Details about ER wait times revealed in The Telegram back up public complaints about too-long lineups for medical attention, says the leader of the NDP.
“It’s just not acceptable,” said Lorraine Michael. “These numbers show we are correct. This is a critical issue.”
On Tuesday, The Telegram reported that for 91 per cent of visits to the emergency room at St. Clare’s and the Health Sciences Centre in St. John’s, the recommended wait time for a first assessment by a doctor was not met 75 per cent of the time, based over the period April to October.
That access is set out in benchmarks, or targeted wait times.
Patients who come to the ER are triage based on five levels of urgency and each has a recommended wait time. The first two levels of triage are the sickest patients, those where there is danger to life or limb, and Eastern Health has said meeting benchmarks is not an issue for them, as they are seen immediately or nearly immediately.
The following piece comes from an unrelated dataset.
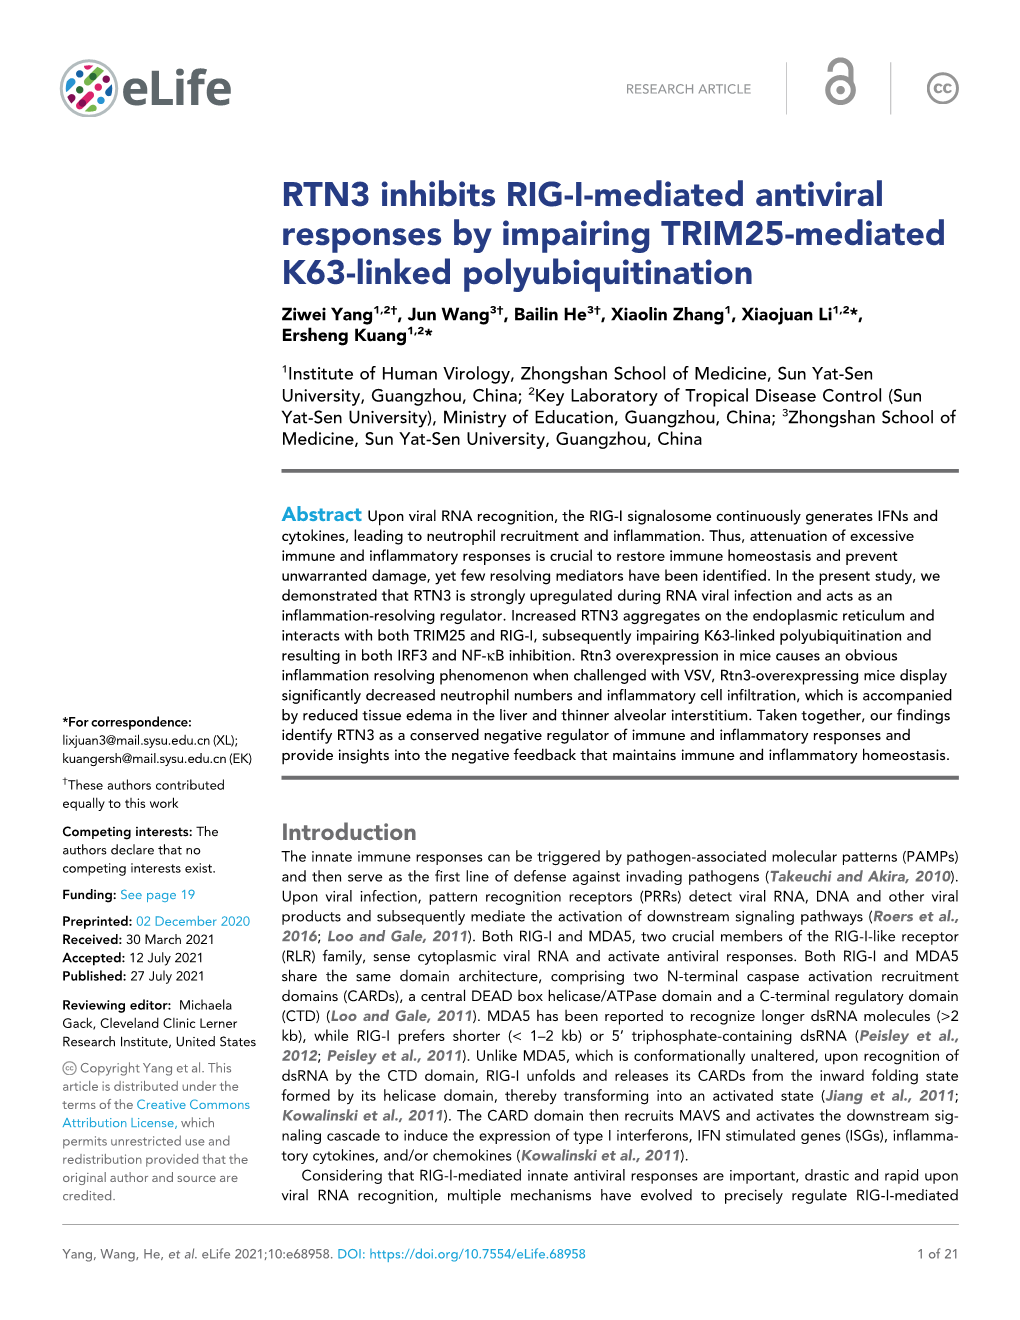 RTN3 Inhibits RIG-I-Mediated Antiviral Responses by Impairing TRIM25

Those patients represent seven per cent of emergency room visits.
Liberal MHA Andrew Parsons, the Opposition health critic, credited Eastern Health with making some improvement to city ER wait times in the last few years, but the system is at the breaking point now and the provincial government must take the responsibility to find better ways of supporting health care, as it sets the budget.
“This is a government that is constantly touting it has invested this much, this much,” he said, adding if the outcomes aren’t there, it’s not being done right.
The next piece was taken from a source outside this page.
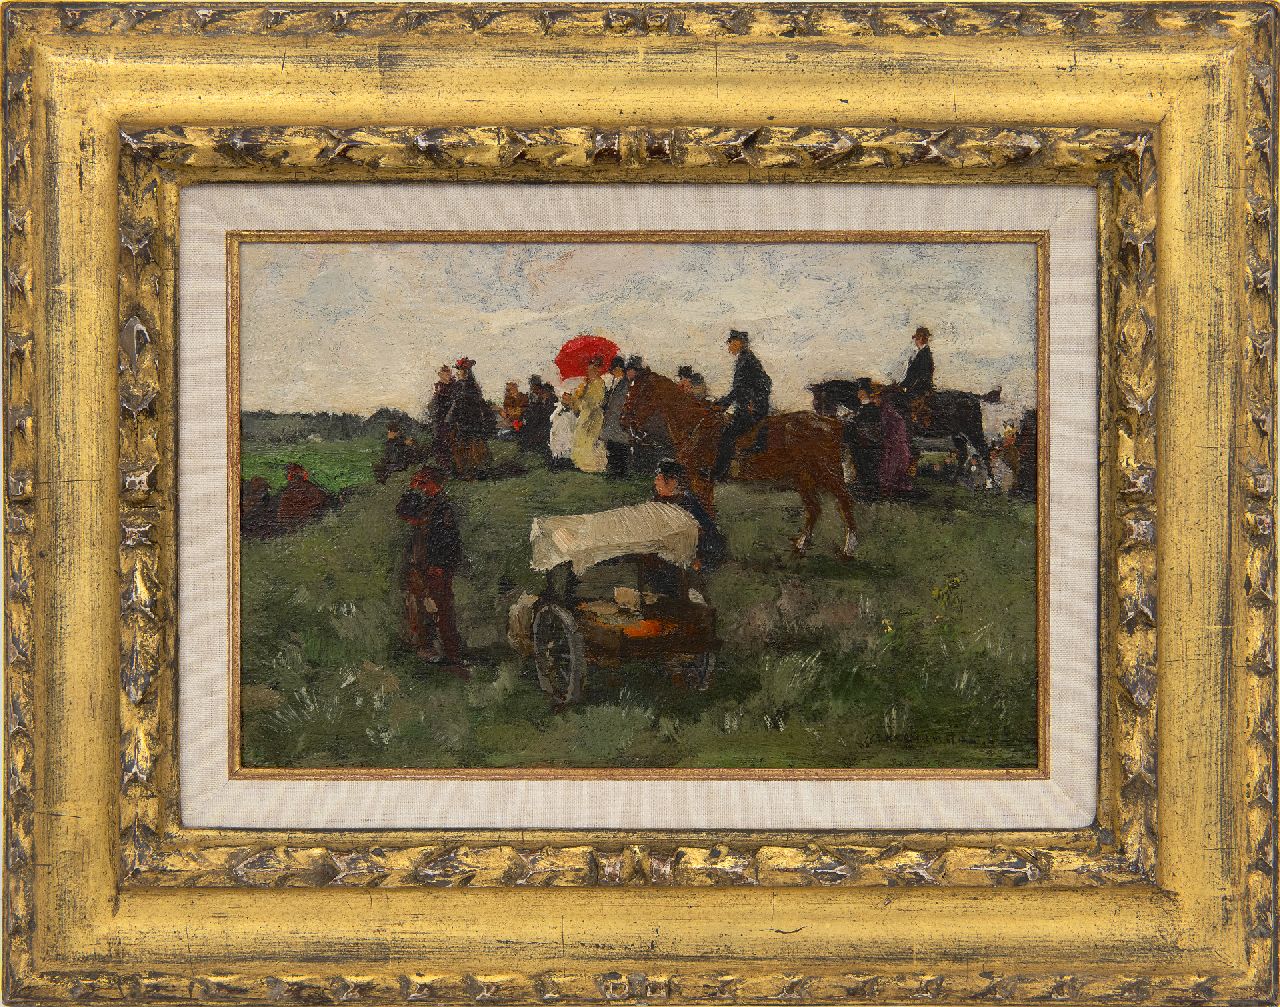 Akkeringa J.E.H.  | 'Johannes Evert' Hendrik Akkeringa | Paintings offered for sale | At the horseraces on Clingendael, oil on panel 16.5 x 25.0 cm, signed l.r. and painted ca. 1898

Parsons said the Burin and Bonavista peninsulas and Clarenville hospitals combined are more than meeting expectations when it comes to patients not leaving emergency without being seen, while the rural Avalon and city hospitals’ performance is concerning.
That suggests to Parsons that hospitals should be co-operating together to find solutions that work.
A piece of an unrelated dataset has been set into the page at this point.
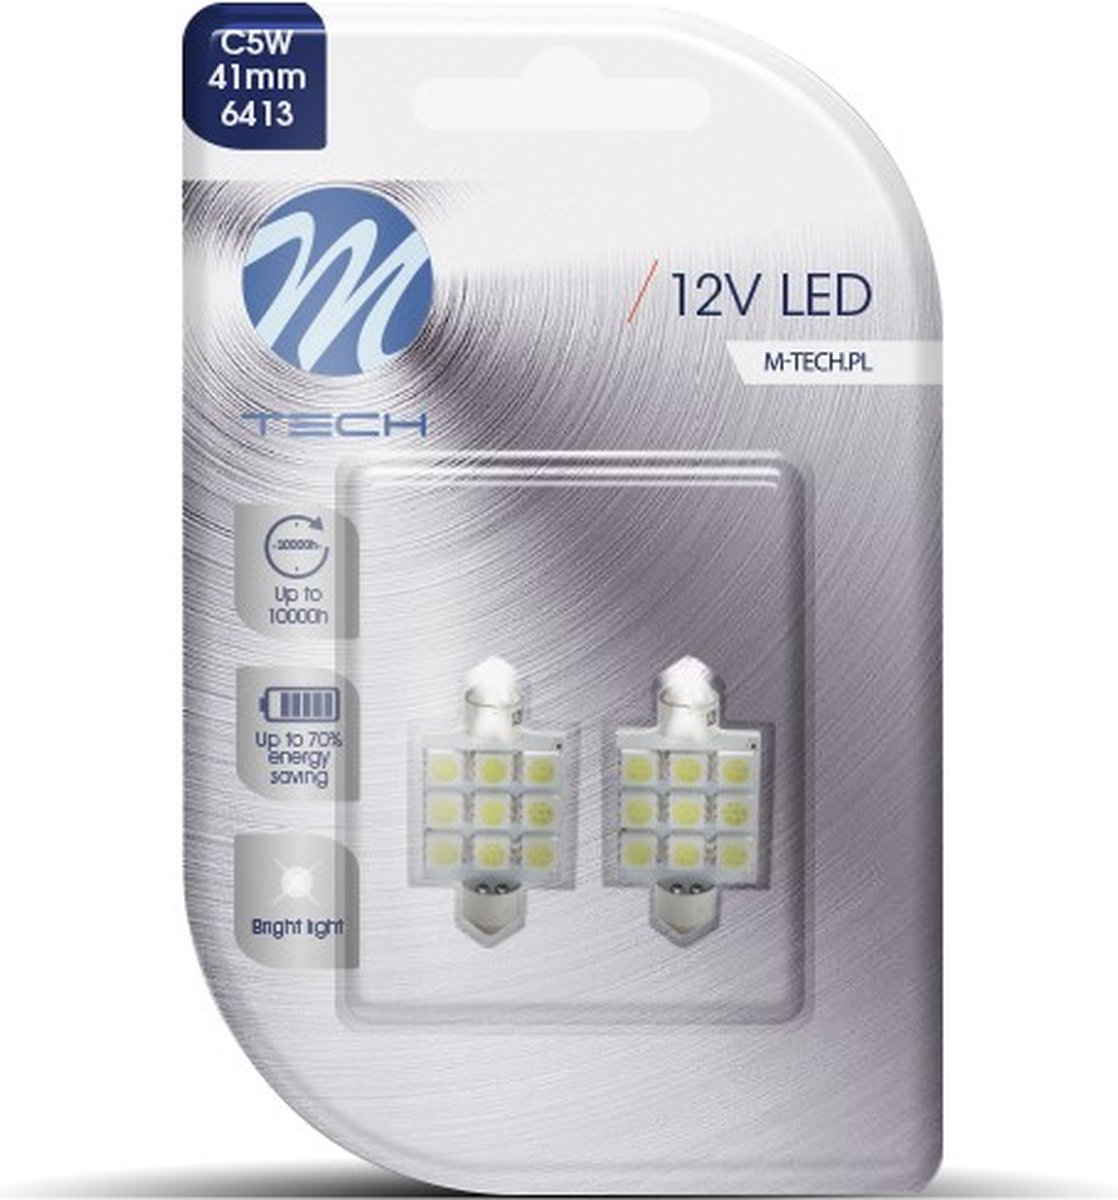 M-Tech LED C5W 12V 41mm - Basis 9x Led diode - Wit - Set

Michael said she’s disturbed at the province for repeatedly insisting it’s taking charge, when ER overcrowding has been going on for years and isn’t abating.
And she said annual reports from health authorities should acknowledge in concrete numbers where the challenges are.
“The lack of urgency is bothering me,” Michael said.
She said most sick people are treated right away, as they should be, but the problem is the capacity is not there to handle the rest of the numbers in the waiting room, either with staff or space.
Michael said a new system needs to be put in place that would include community clinics for the less ill patients and that requires resources.
Health Minister Susan Sullivan said Tuesday the province is concerned about the pressure on ER and has taken steps in certain ERs, such as reconfiguring nurses and doctors’ schedules, adding to their hours and adding nurse practitioners. A fifth fast-track system will be implemented in Grand Falls-Windsor.
As for Eastern Health’s situation, it has done five reviews and is about to do three more that will provide a clearer picture of what the trouble is and where the bottle neck is, and that information will be the basis for any further changes, Sullivan said.
She said since tackling emergency wait times became a strategy 18 months ago, there have been improvements — the Health Sciences Centre wait time for initial assesment by a doctor has decreased by 17 per cent, while visits are up by 16 per cent.
“We are seeing some improvements, but are not satisfied yet,” Sullivan said. “We feel we are on the right track.”
Not all hospitals collect wait time data, and that is being worked on as well.
The fact that city hospitals are seeing 6.8 per cent of patients walking away without being seen is a concern, said Dr. Howard Ovens, director of Schwartz/Reisman Emergency Centre at Mount Sinai Hospital in Toronto and one of the five authors of a position paper on ER overcrowding released by the Canadian Association of Emergency Physicians (CAEP).
Left without being seen usually reflects how long people are waiting, as well as how chaotic the waiting room is when they arrive, Ovens told The Telegram, adding the number leaving shouldn’t be much above two to three per cent.
Eastern Health’s benchmark is 3.5 per cent.
But Ovens also noted CAEP recognizes that its ER wait time guidelines of five years ago, which have influenced hospital benchmarks, were overly optimistic.
“They were published originally as goals. In the real world, very few people were felt to be meeting them,” he said.
However, judging Eastern Health’s performance is tough, he said, because hospitals across the country aren’t measuring their data the same way, if they are measuring at all, and that needs to change so there is a clear picture of ER wait times in order to bring about improvements.
“How can you give them a slap on the back or a high five or kick where they need it,” he said of the disparities in collecting and measuring data.
CAEP is recommending hospitals should strive for the target of a median ER wait of one hour before initial assessment by a doctor and that 90 per cent of the patients would wait no more than three hours for that initial assessment by a doctor.